Según ha informado la OCU, las entradas inicialmente anunciadas con un precio de 79,50 euros pueden llegar a alcanzar un importe final de hasta 269 euros debido a la aplicación de diversos cargos adicionales. En concreto, se identifican hasta tres conceptos distintos añadidos al precio base:

  • 3,30 euros en concepto de donación,
  • 36,50 euros por gastos de gestión,
  • Y un cargo VIP adicional de 150 euros.

Desde la organización consideran que estos costes suponen un nuevo abuso en la compra de entradas online, al no estar suficientemente claros ni detallados durante el proceso de adquisición. En palabras de la OCU, «estos gastos añadidos son abusivos«, y por ello se ha procedido a formalizar la correspondiente denuncia.

Una gestión cuestionada

La OCU lleva tiempo alertando sobre la injusticia de cobrar gastos de gestión al consumidor en compras online. «Si el usuario realiza todo el proceso por sí mismo —desde la selección de fecha y tipo de entrada, hasta la impresión del billete—, ¿qué gestión justifica un recargo de 36,50 euros por entrada?», se preguntan desde la organización.

Además, critican que el cobro por donación y el extra VIP elevan artificialmente el coste total, hasta duplicar o incluso triplicar el precio originalmente anunciado.

Falta de transparencia y precios variables

Otro de los puntos clave señalados por la OCU es la falta de transparencia. Estos cargos no son evidentes hasta las últimas fases del proceso de compra, lo que dificulta que el consumidor pueda tomar una decisión informada.
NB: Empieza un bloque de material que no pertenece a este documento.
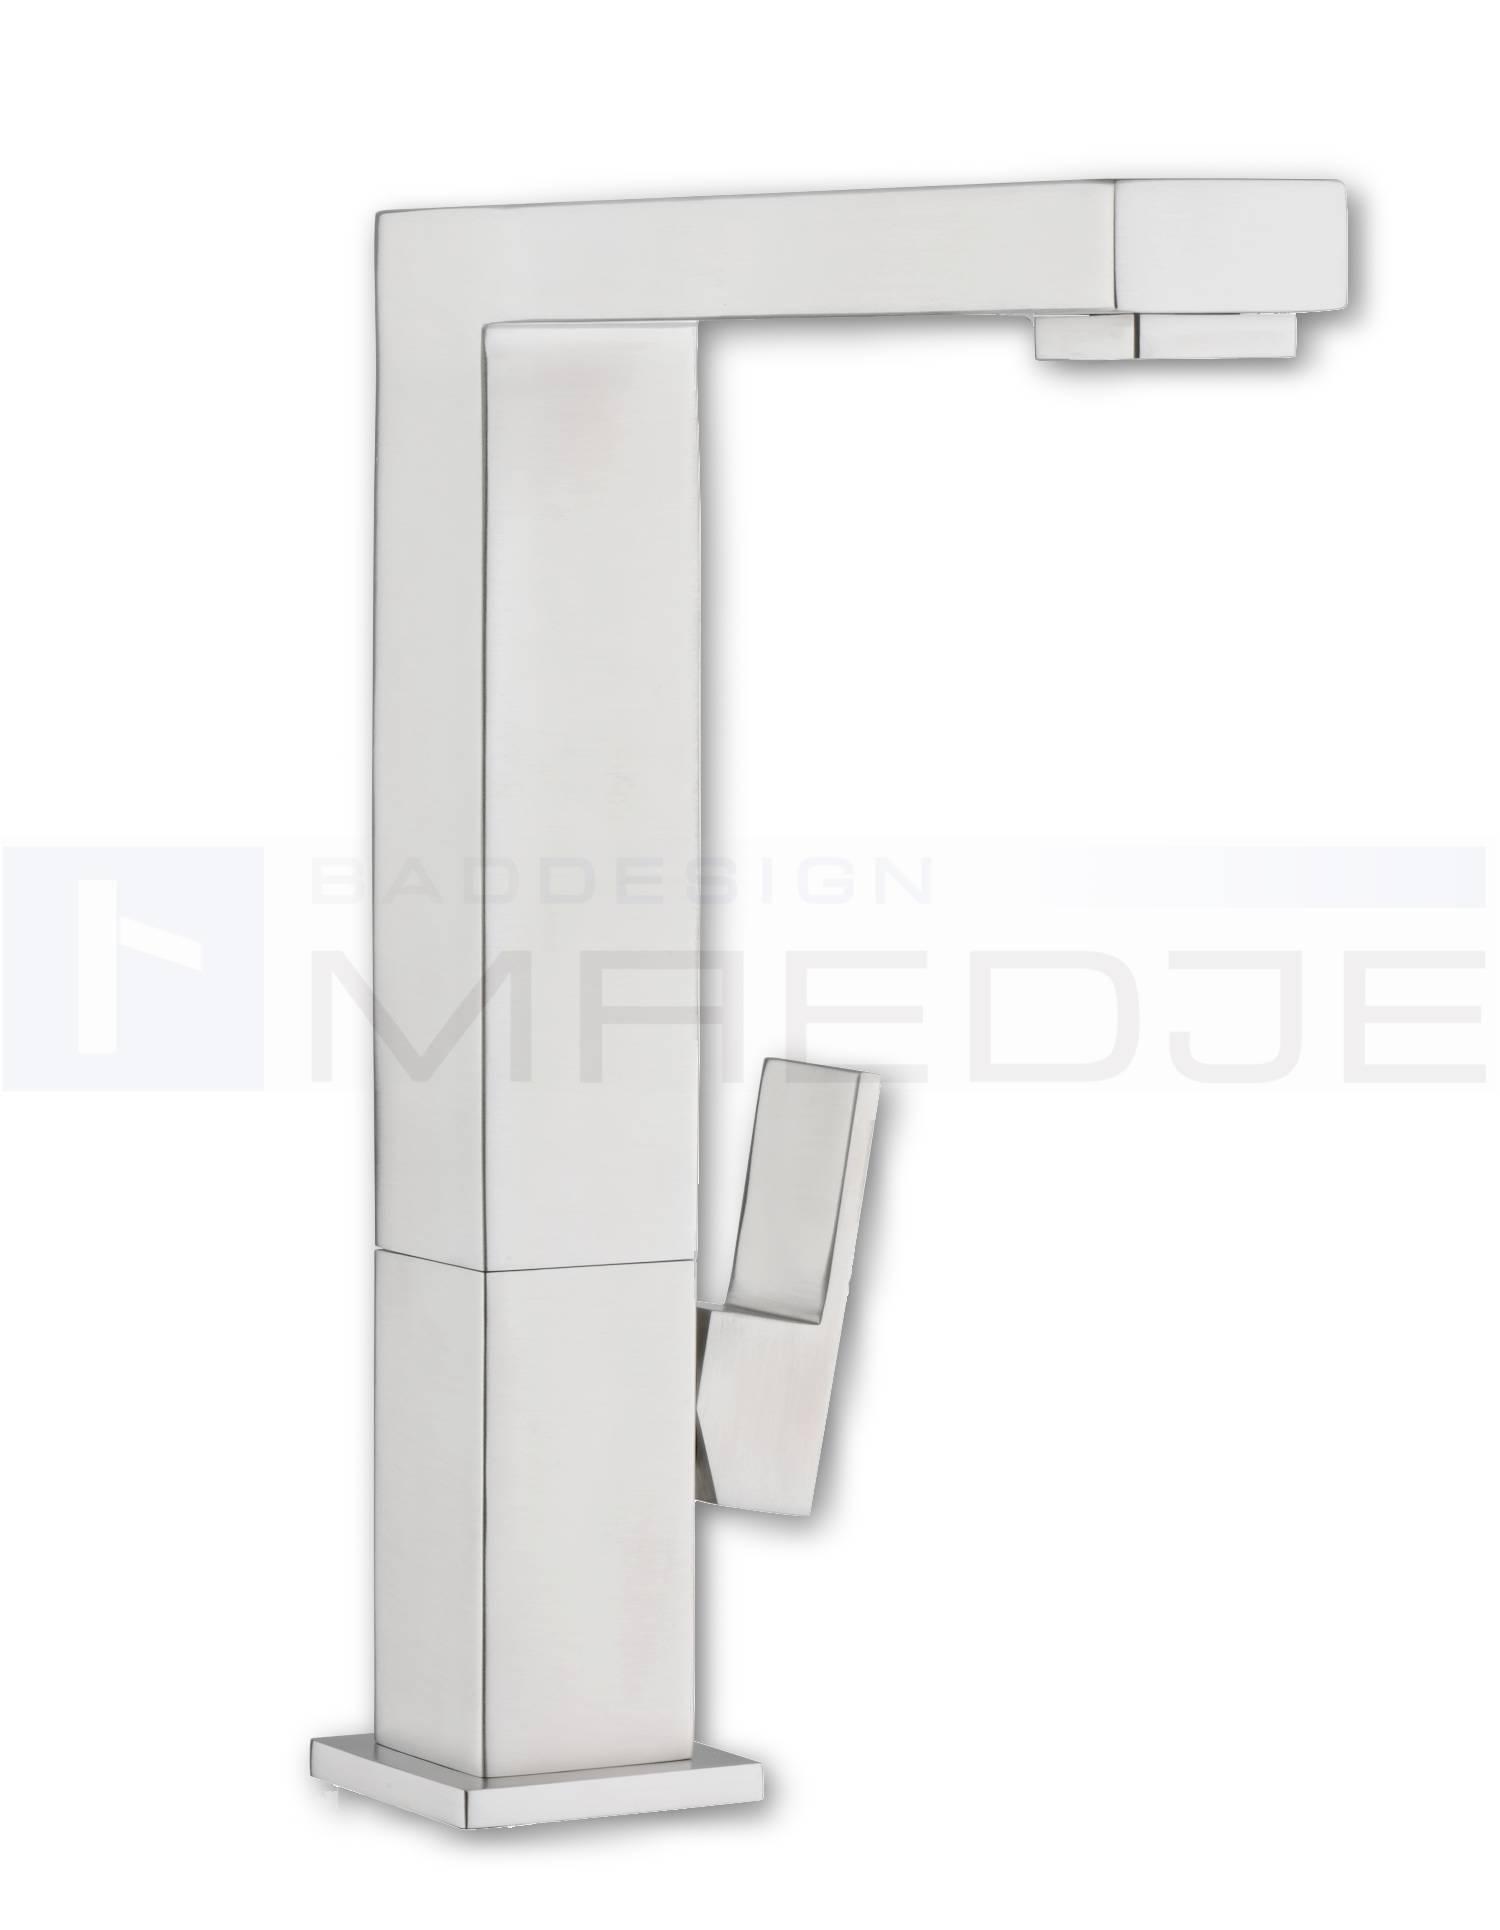 Design Quadro Edelstahl Küchen Armatur Eckig
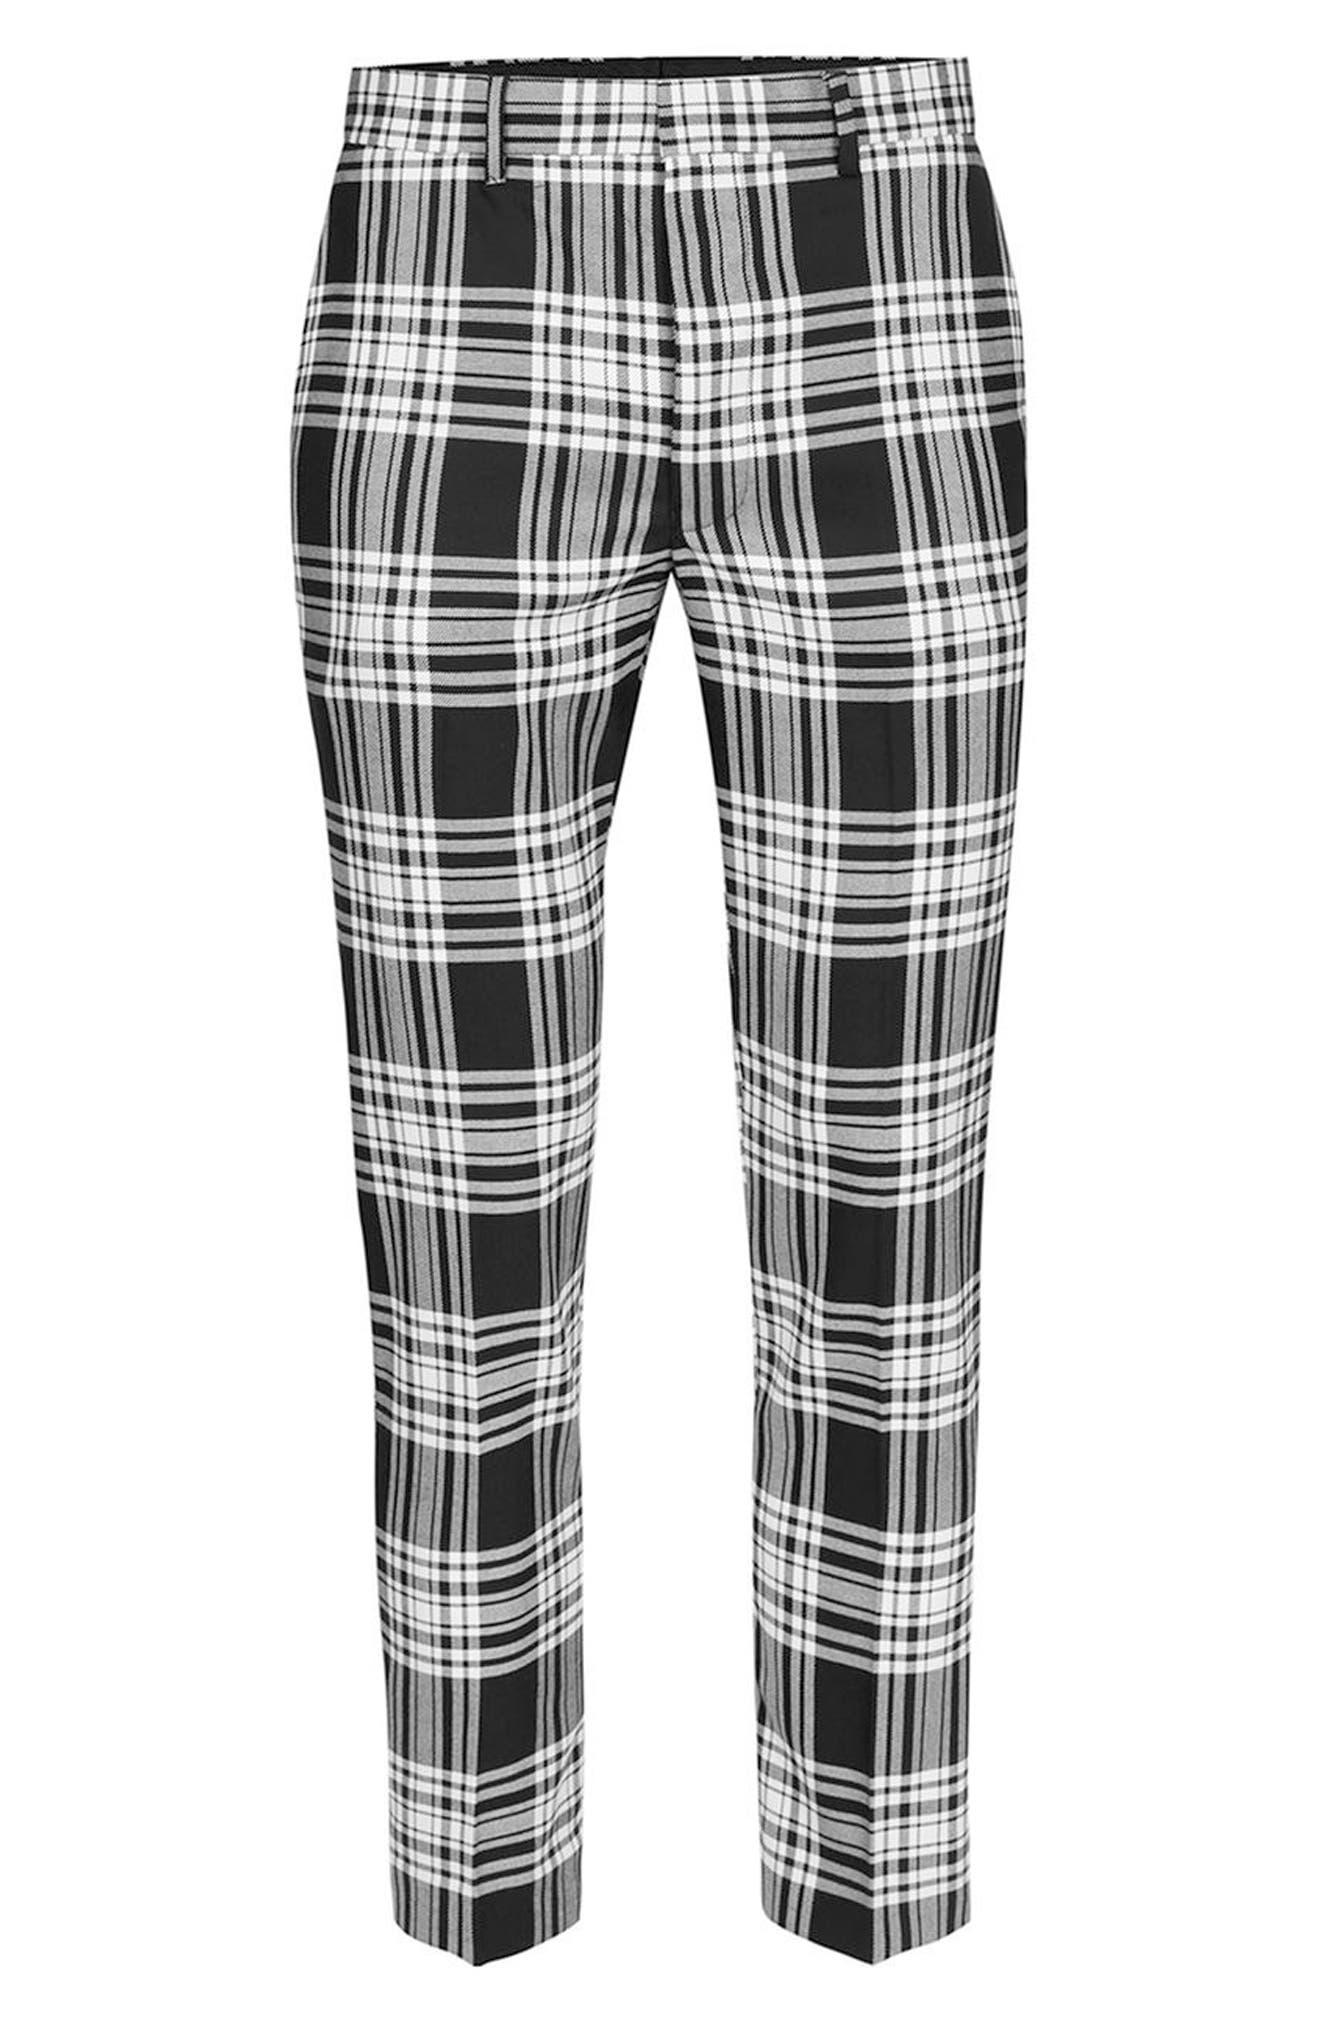 Plaid Ultra Skinny Fit Crop Trousers,                             Alternate thumbnail 5, color,                             Black Multi

Además, son no reembolsables, lo que agrava aún más la situación.

También se denuncian los llamados precios dinámicos, un sistema mediante el cual los importes varían «en función del mercado», sin que se expliquen claramente los criterios utilizados ni cómo afectan al precio final.

Exigen regulación frente a los abusos

La OCU considera imprescindible que se establezca una normativa específica que regule la aplicación de precios dinámicos en la venta de entradas. «La personalización del precio no puede convertirse en una excusa para cobrar más al consumidor», aseguran.

Desde la organización insisten en que el primer precio mostrado al usuario debe mantenerse hasta que finalice el proceso de compra, y exigen que se aclaren todos los factores que determinan el coste final. La denuncia formal ya ha sido presentada, y la OCU espera que el Ministerio de Consumo tome medidas ante lo que consideran una práctica abusiva que afecta a miles de consumidores en toda España.